CHICAGO (CBS) — Prom is a terrific milestone for high school students, but with just one drink terrific can turn into tragic.

CBS 2’s Mike Puccinelli reports, with prom season approaching, police and firefighters were taking steps to show students the potential consequences of driving drunk, with the help of some of their classmates.

Each year, more than 600 high school students die in drunk driving crashes on prom night.

Wednesday morning on the Northwest Side, students from St. Patrick High School and Notre Dame High School for Girls watched as police officers, firefighters, and student actors staged a head-on collision as part of “Operation Prom Night.”

Covered in fake blood, the crash victims had to be cut out of the car, then treated by paramedics. In one case, a girl who had been thrown through the windshield was placed in a body bag.

The driver, Ryan Young, a senior at St. Patrick, talked about acting out a drunken crash that seemed all too real.

“It was blood-chilling. I just felt it down in my spine,” Young said, his face smeared with fake blood. “I can’t even imagine what the real thing would be like.”

Jennifer Bleicher, coordinator of Operation Prom Night, said it was important for students to see friends take part in the staged crash, rather than actors.

“It’s not just like watching it on television, or in a movie where it’s just actors and it’s kind of a sterile thing.

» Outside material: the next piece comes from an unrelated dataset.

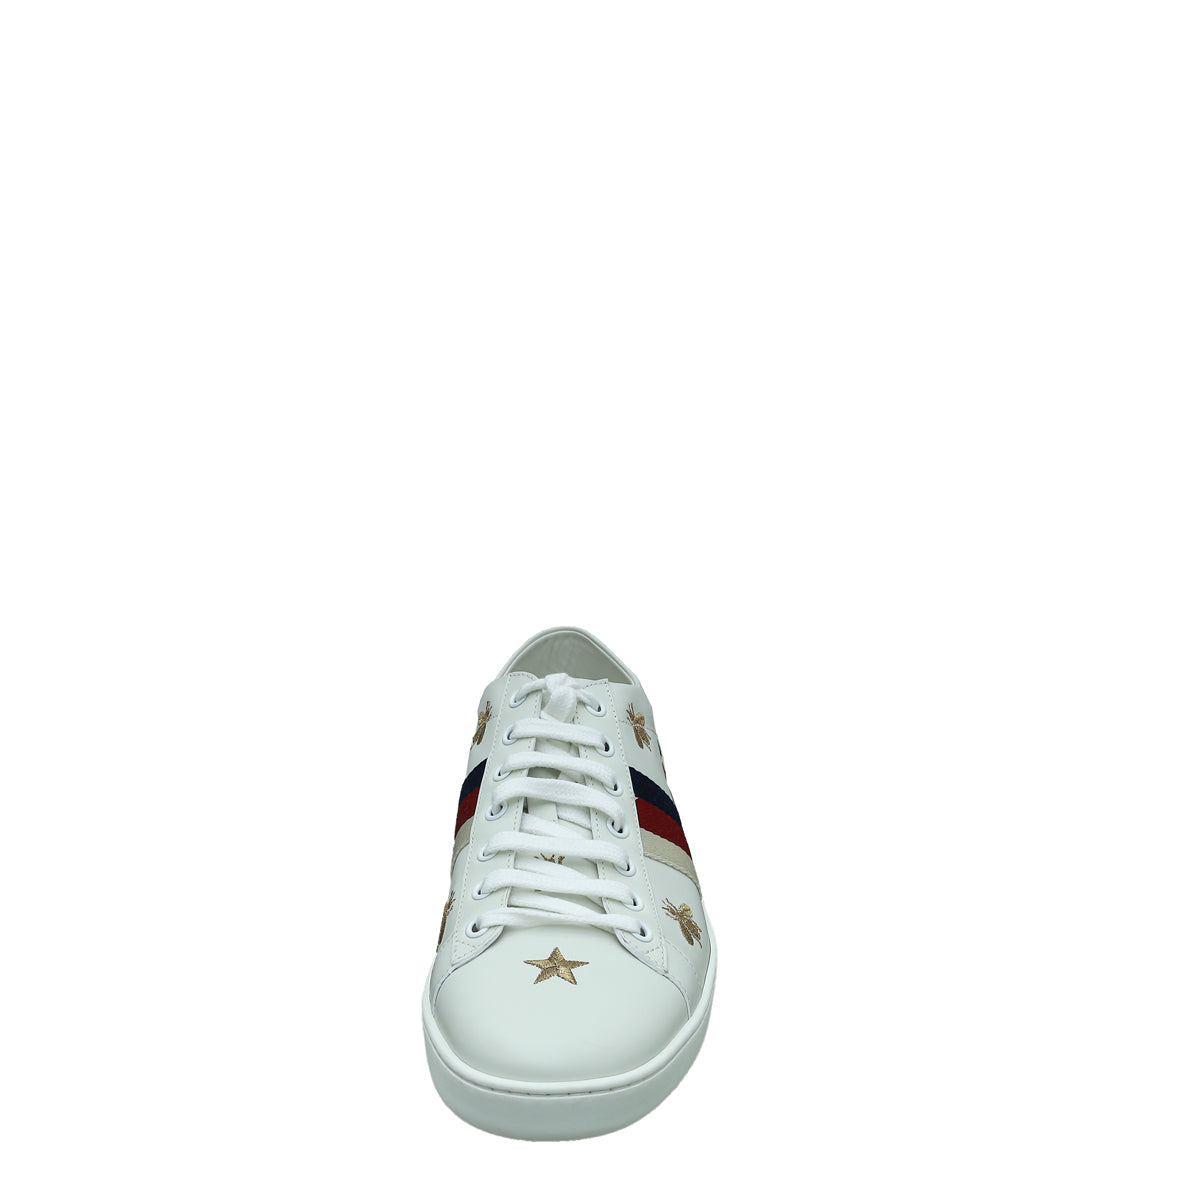 Gucci White Bees & Stars Ace Sneakers 41

They get to see their classmates get arrested and put in body bags,” she said. “It makes them understand that they’re not invincible, and their friends aren’t invincible.”

Assistant Deputy Fire Commissioner Mark Nielsen said the goal is to scare kids straight.

“The main objective is to instill in kids that they can have fun on prom night, and they don’t need to drink,” Nielsen said.

After the survivors were taken to area hospitals or jail, the actress who was thrown through the windshield was loaded into a hearse driven from the parking lot at St. Patrick.

Operation Prom Night has been presenting its program for 16 years.

Organizers said, during that time, more than 50,000 students have seen the demonstration and not one who did has been arrested for driving drunk during prom season.